▸ GIVEN DATA:
........

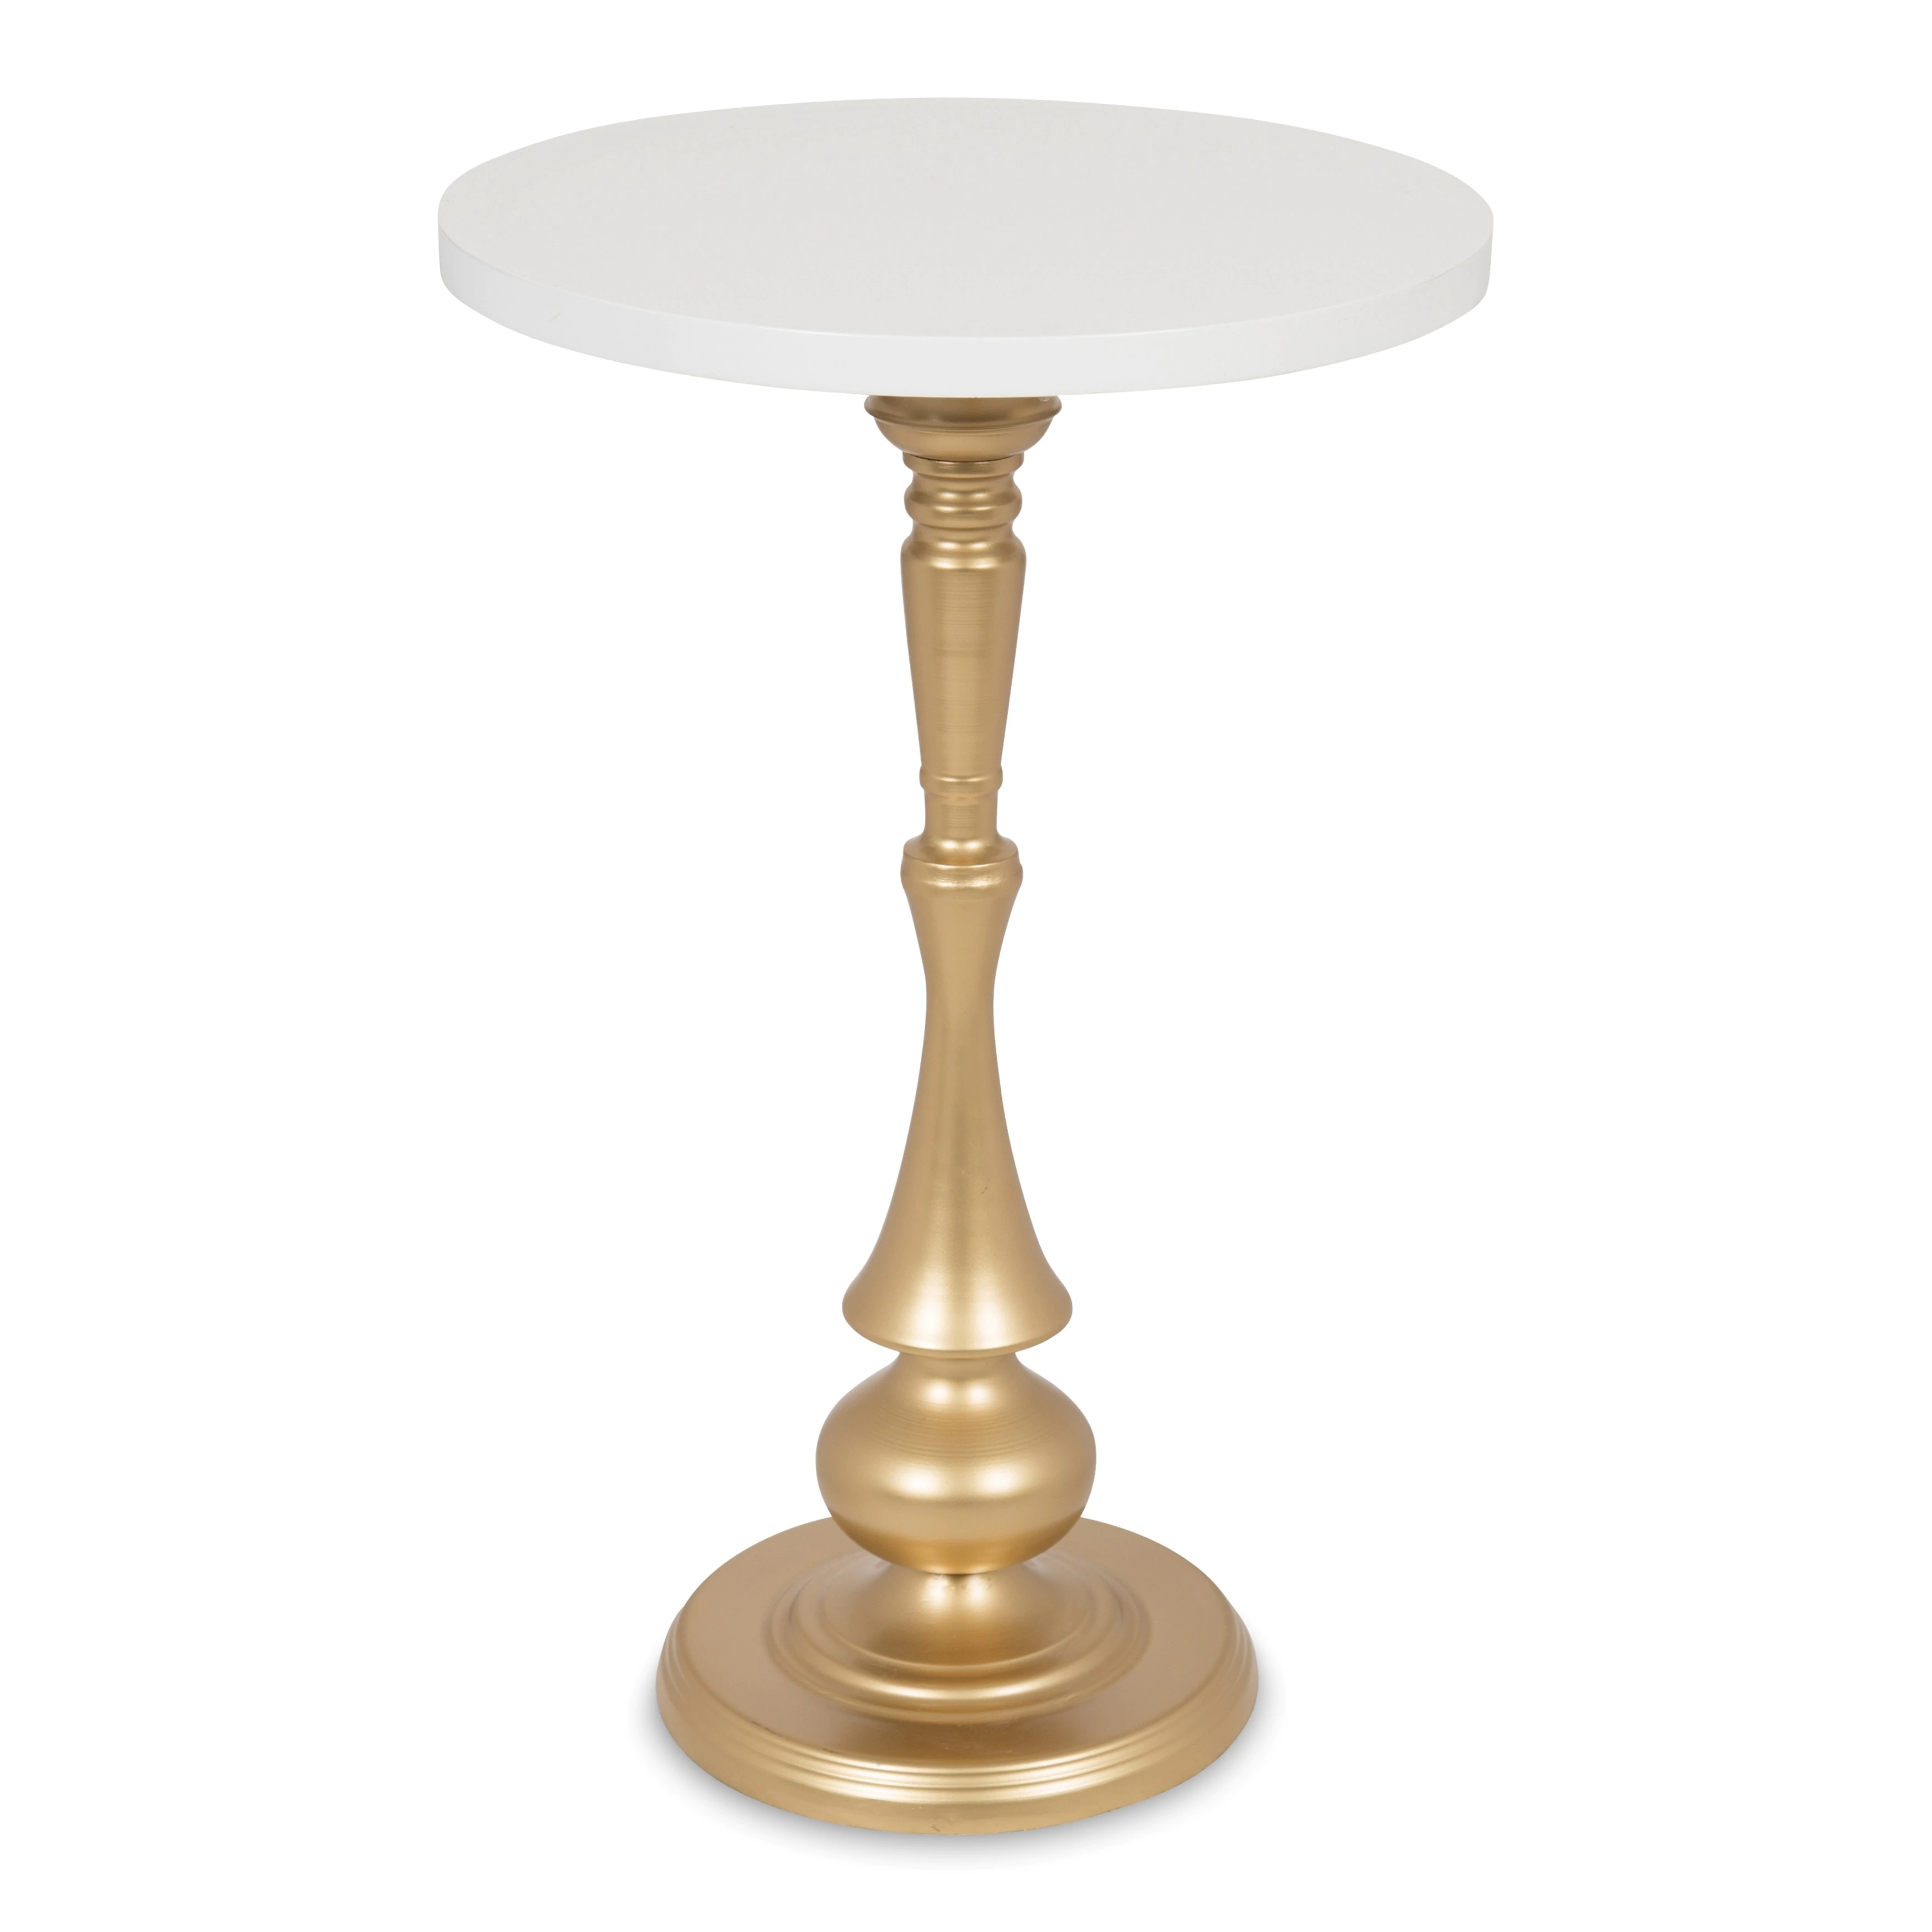 kate and laurel regina round metal wood pedestal accent table free shipping today lacey furniture slim white bedside glass lamps target rose gold side coffee tray cymbal stand
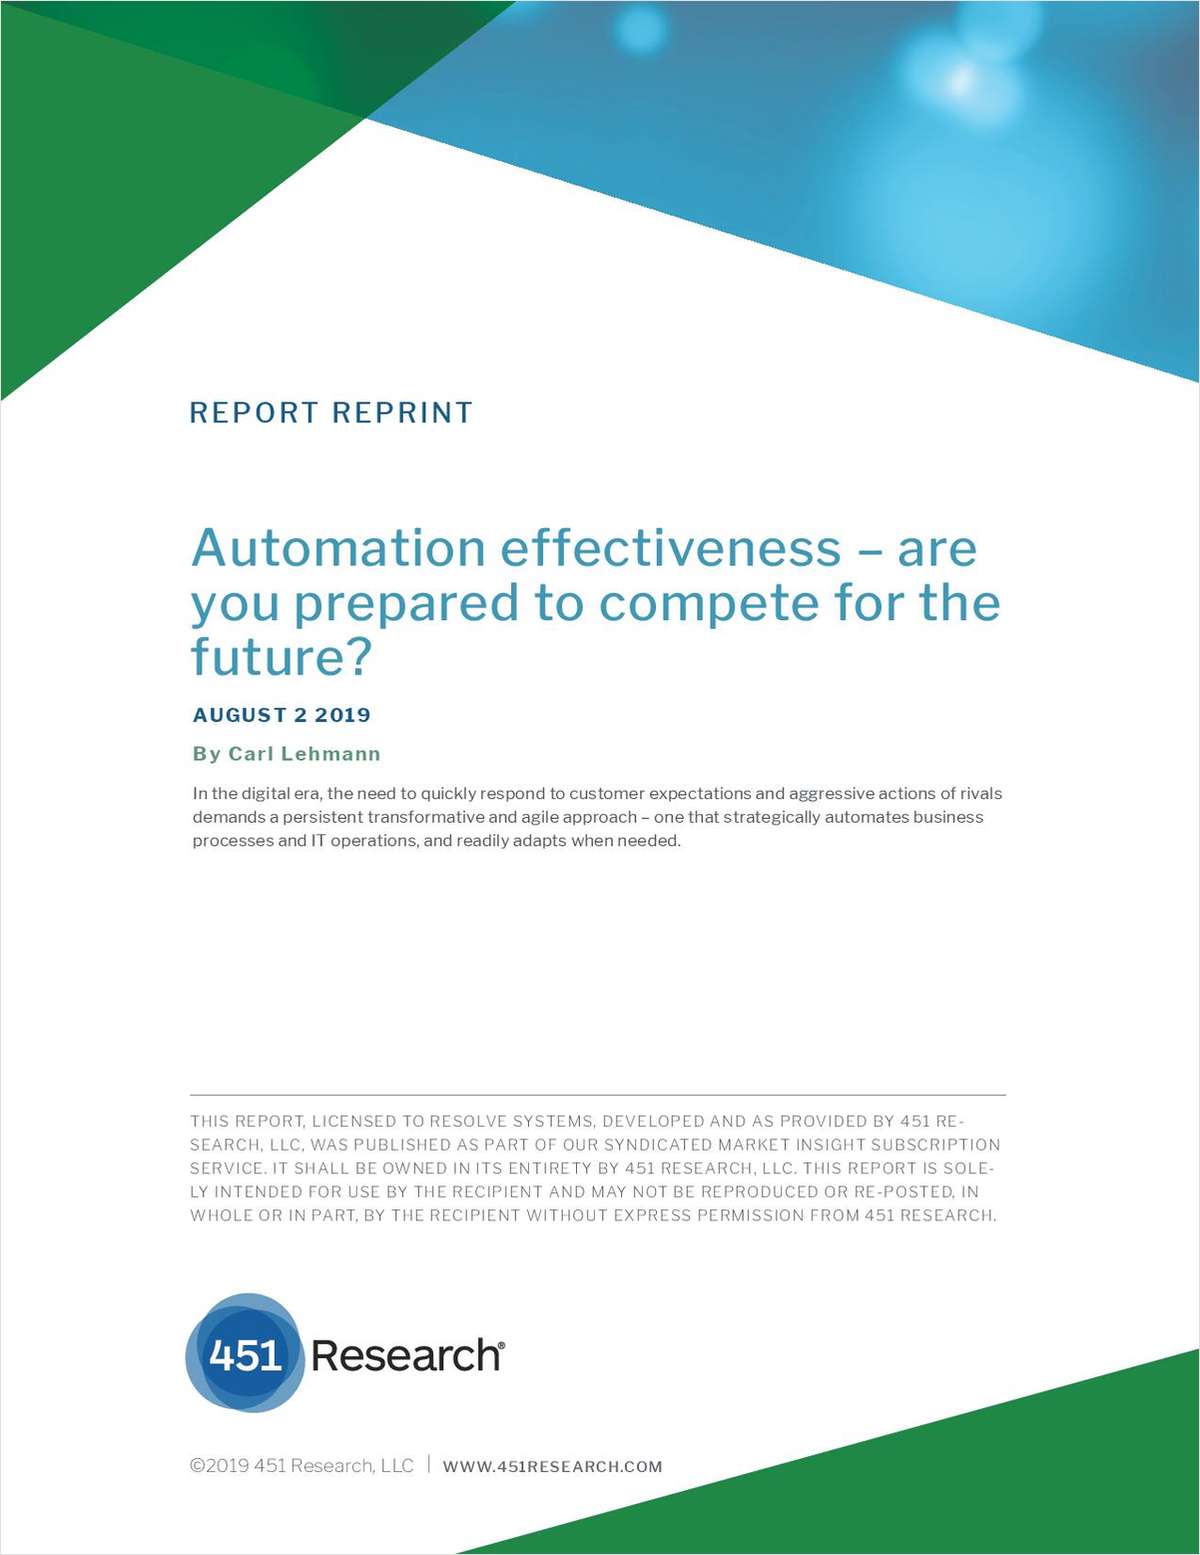 IT Automation effectiveness - are you prepared to compete for the future?
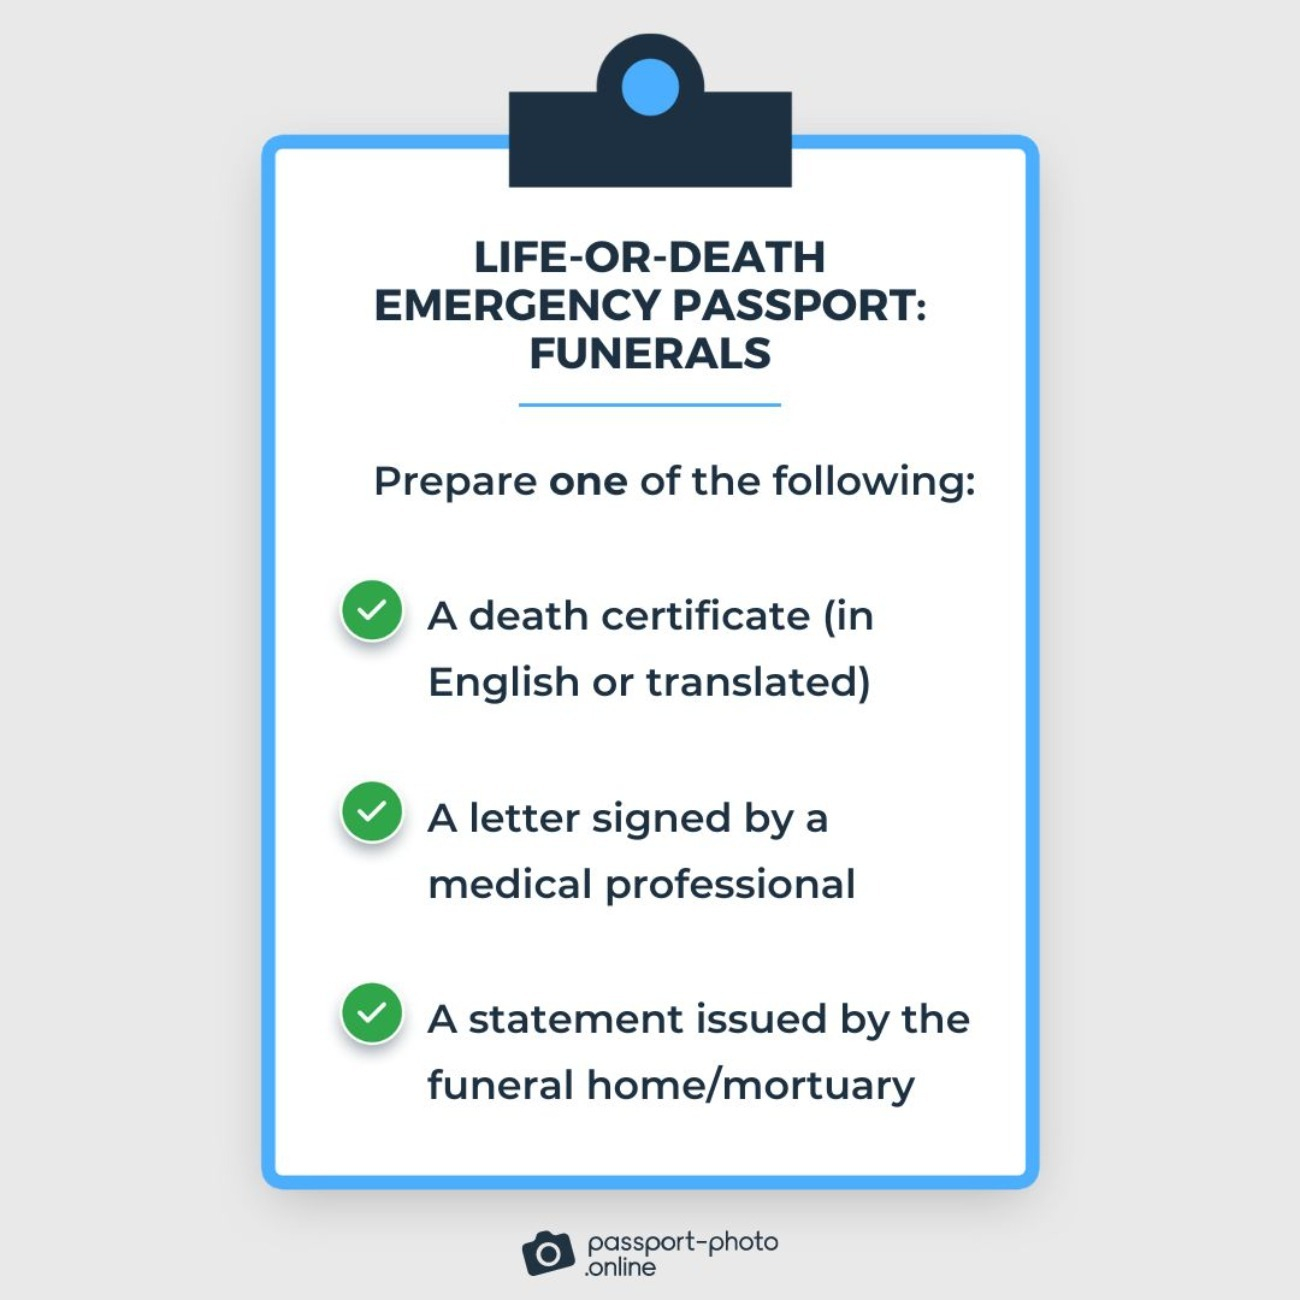 Documents needed to get a U.S. emergency passport in the case of funerals abroad

........

▸ WHAT YOU NEED TO DO: Reproduce exactly and only the lines from the line that contains "IT Automation effectiveness" to the end of the data above, both ends included. No pictures go in the copy.

▸ RESULT OF THIS EXERCISE:
 IT Automation effectiveness - are you prepared to compete for the future?
 Documents needed to get a U.S. emergency passport in the case of funerals abroad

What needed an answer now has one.